X = avengers[['Appearances']]
y = avengers['Death1']

X_train, X_test, y_train, y_test = train_test_split(X, y, test_size=0.3, random_state=42)

log_model = LogisticRegression(max_iter=200).fit(X_train, y_train)
y_pred = log_model.predict(X_test)

print("Accuracy:", accuracy_score(y_test, y_pred))


We can now predict probabilities for specific characters (e.g., Iron Man, Thor) by inputting their appearances.


In [None]:
char = np.array([[3000]])  # example appearances
print("Predicted Probability of Death1:", log_model.predict_proba(char))
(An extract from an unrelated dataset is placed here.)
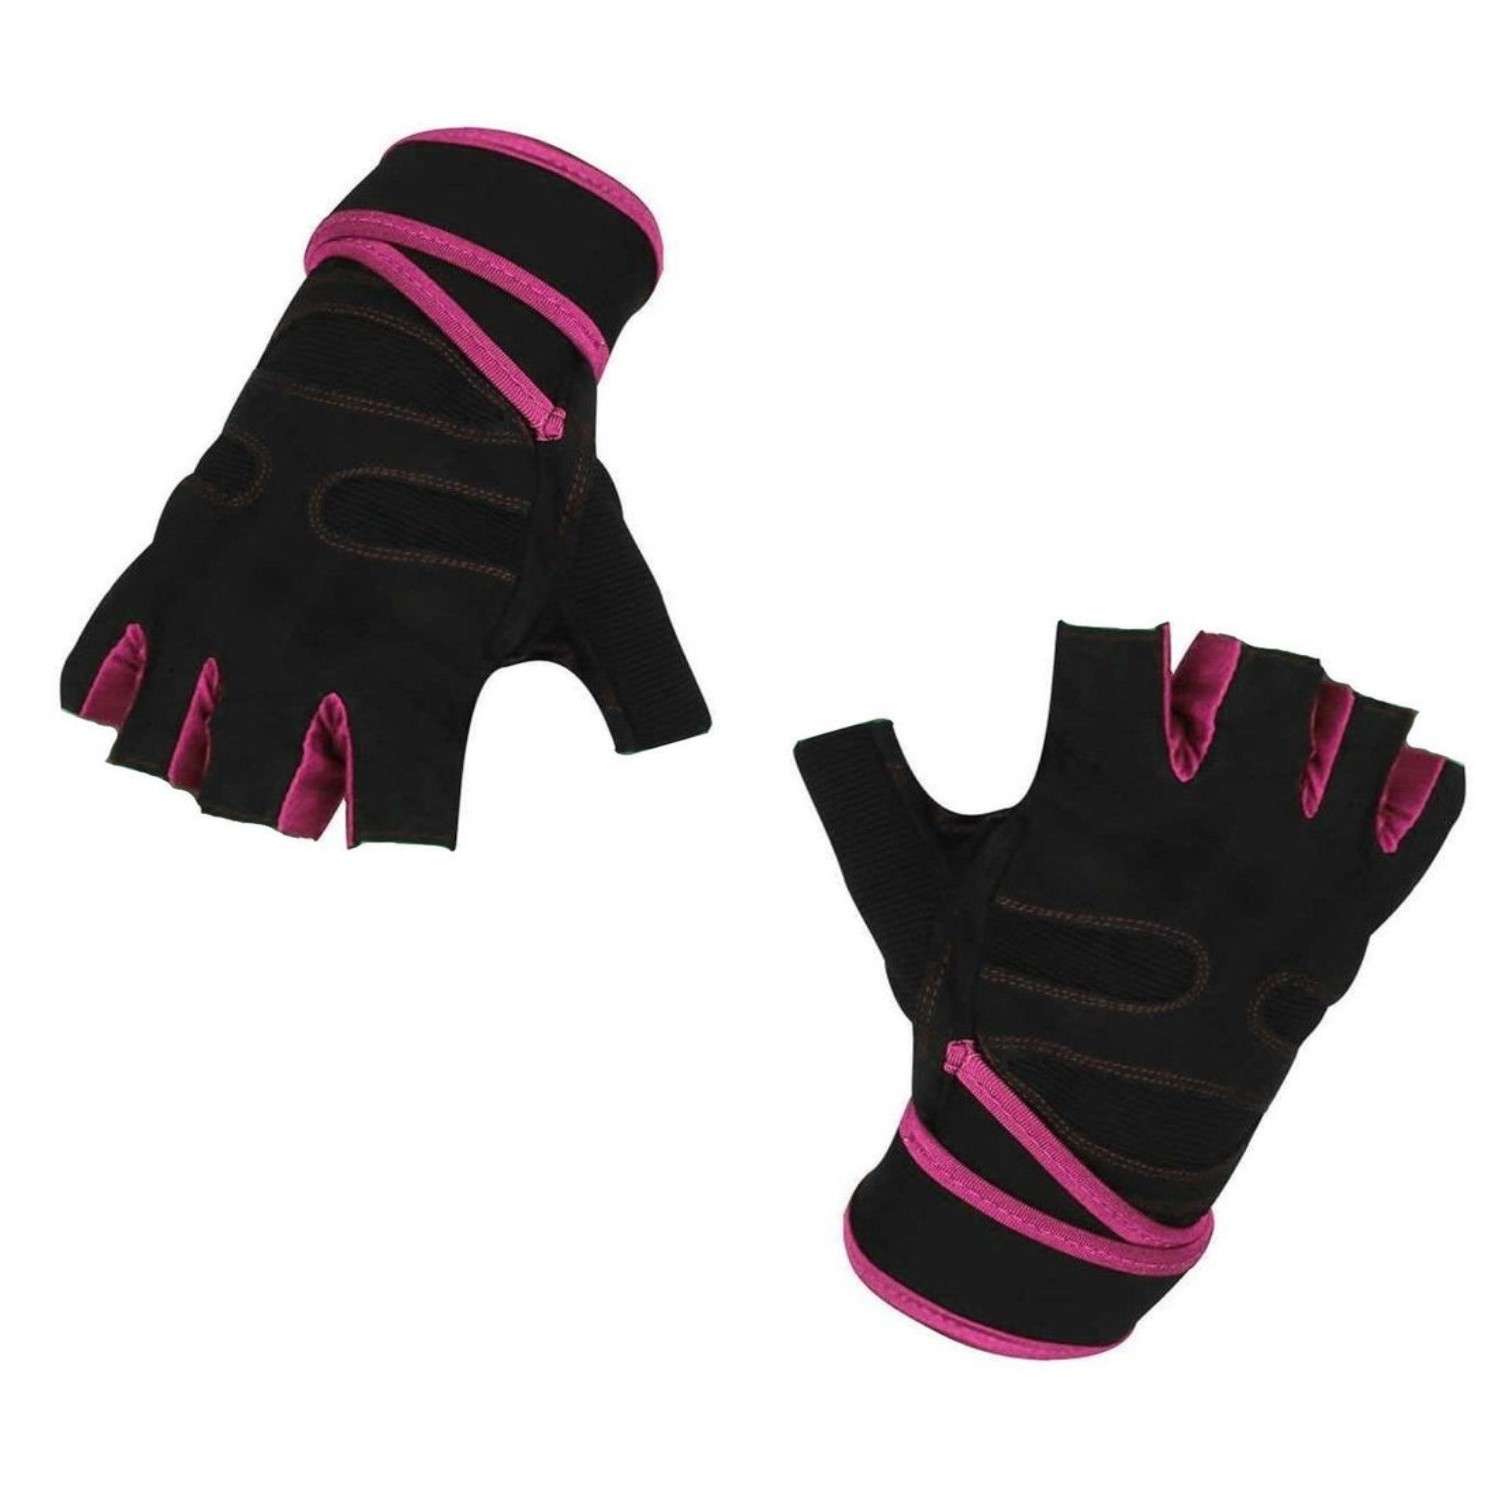 Нейлоновые перчатки NPOSS противоскользящие розовые размер XL - фото 1

## Find Your Own Regression: Olympic 100m Dash

We now examine Olympic 100m dash records. The idea is to see how the winning times have decreased over the years. We will fit a regression model to predict future Olympic records.


In [None]:
olympics = pd.read_csv('https://raw.githubusercontent.com/nurfnick/Data_Sets_For_Stats/master/CuratedDataSets/100mOlympicRecords.csv')
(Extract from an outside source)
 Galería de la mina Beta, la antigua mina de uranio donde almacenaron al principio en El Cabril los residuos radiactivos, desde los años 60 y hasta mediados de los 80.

# Extract year using regex and convert to numeric, coercing errors
olympics['Year'] = pd.to_numeric(olympics['Date'].str.extract(r'(\d{4})')[0], errors='coerce')
olympics['Time'] = olympics['Time'].astype(str).str.replace('[^\d.]', '', regex=True)
olympics['Time'] = pd.to_numeric(olympics['Time'], errors='coerce')

men_data = olympics[olympics['Gender']=="Men"].groupby('Year').min().reset_index()
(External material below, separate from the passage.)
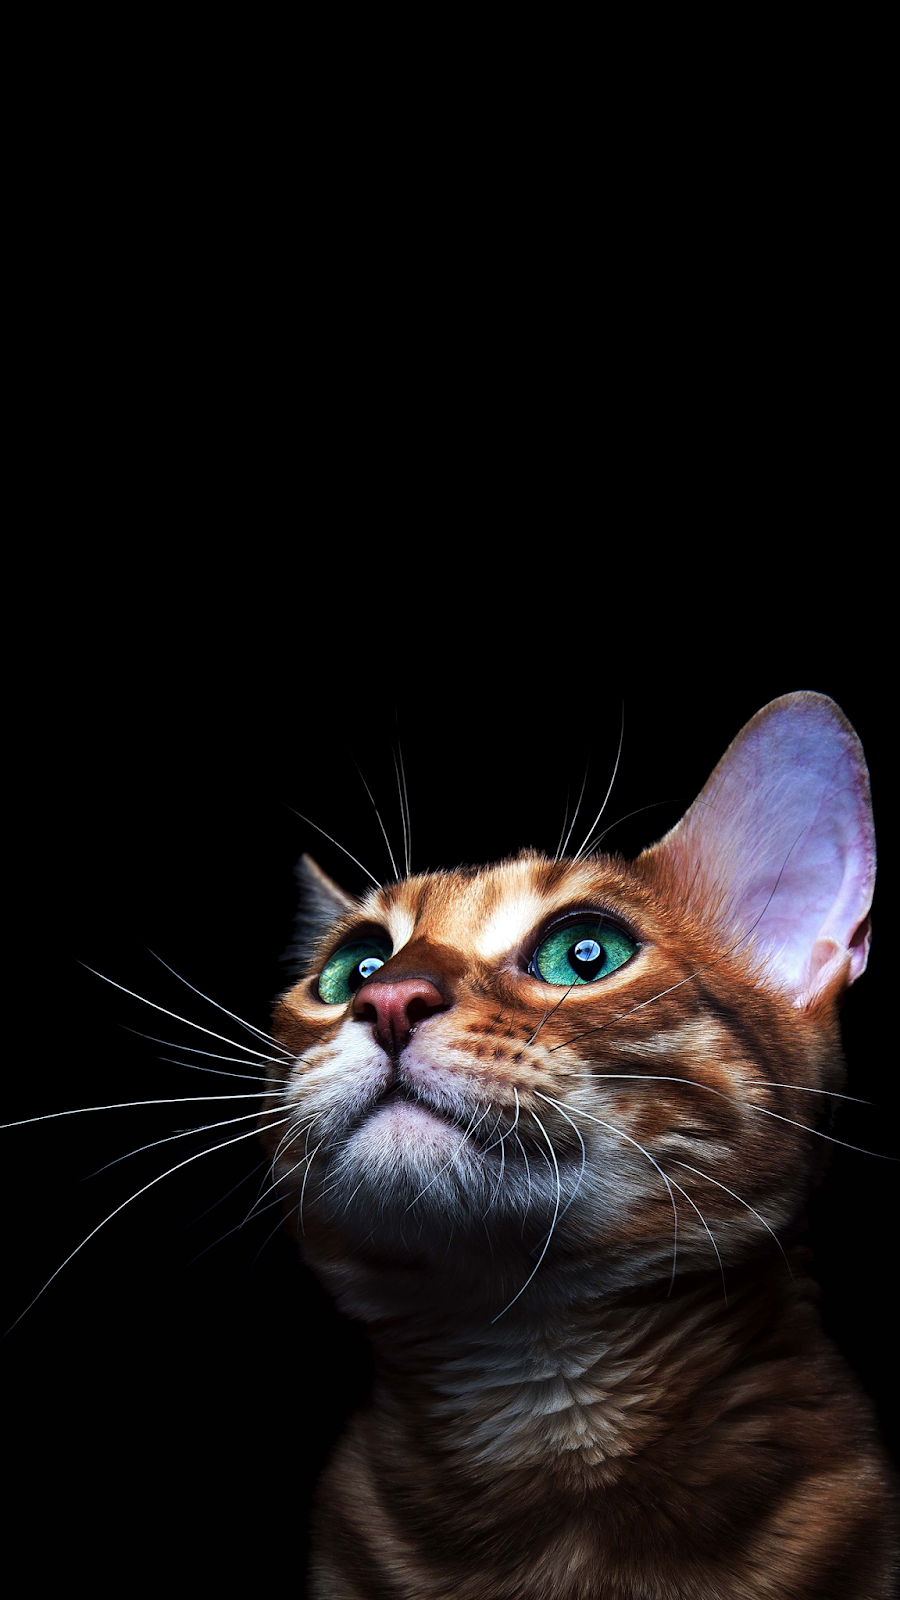 4K CAT AMOLED PHONE WALLPAPER. Ilustrasi karakter, Kucing cantik, Hewan

# Drop rows with NaN values in Year or Time before fitting the model
men_data = men_data.dropna(subset=['Year', 'Time'])

# Ensure Year and Time columns are float type
men_data['Year'] = men_data['Year'].astype(float)
men_data['Time'] = men_data['Time'].astype(float)


print("Shape of men_data before model fitting:", men_data.shape)
display(men_data)


X = men_data[['Year']].values # Convert to NumPy array
y = men_data['Time'].values # Convert to NumPy array

lin_model = LinearRegression().fit(X, y)
y_pred = lin_model.predict(X)

plt.scatter(X, y, label="Actual")
plt.plot(X, y_pred, color="red", label="Linear Trend")
plt.xlabel("Year")
plt.ylabel("Winning Time (s)")
plt.legend()
plt.show()

print("R^2:", r2_score(y, y_pred))

### Predictions for 2024 and 2300


In [None]:
future_years = np.array([[2024],[2300]])
pred_times = lin_model.predict(future_years)
print("Predicted Times:", dict(zip(future_years.flatten(), pred_times)))

In [None]:
print("Shape of men_data:", men_data.shape)
display(men_data)

**Discussion:**  
- The linear model shows a steady decrease in sprint times.  
- The prediction for 2024 is reasonable and close to current records.  
- The prediction for 2300 is unrealistic because human physiology imposes limits. A non-linear asymptotic model (e.g., exponential decay or logistic curve) would likely be more valid long-term.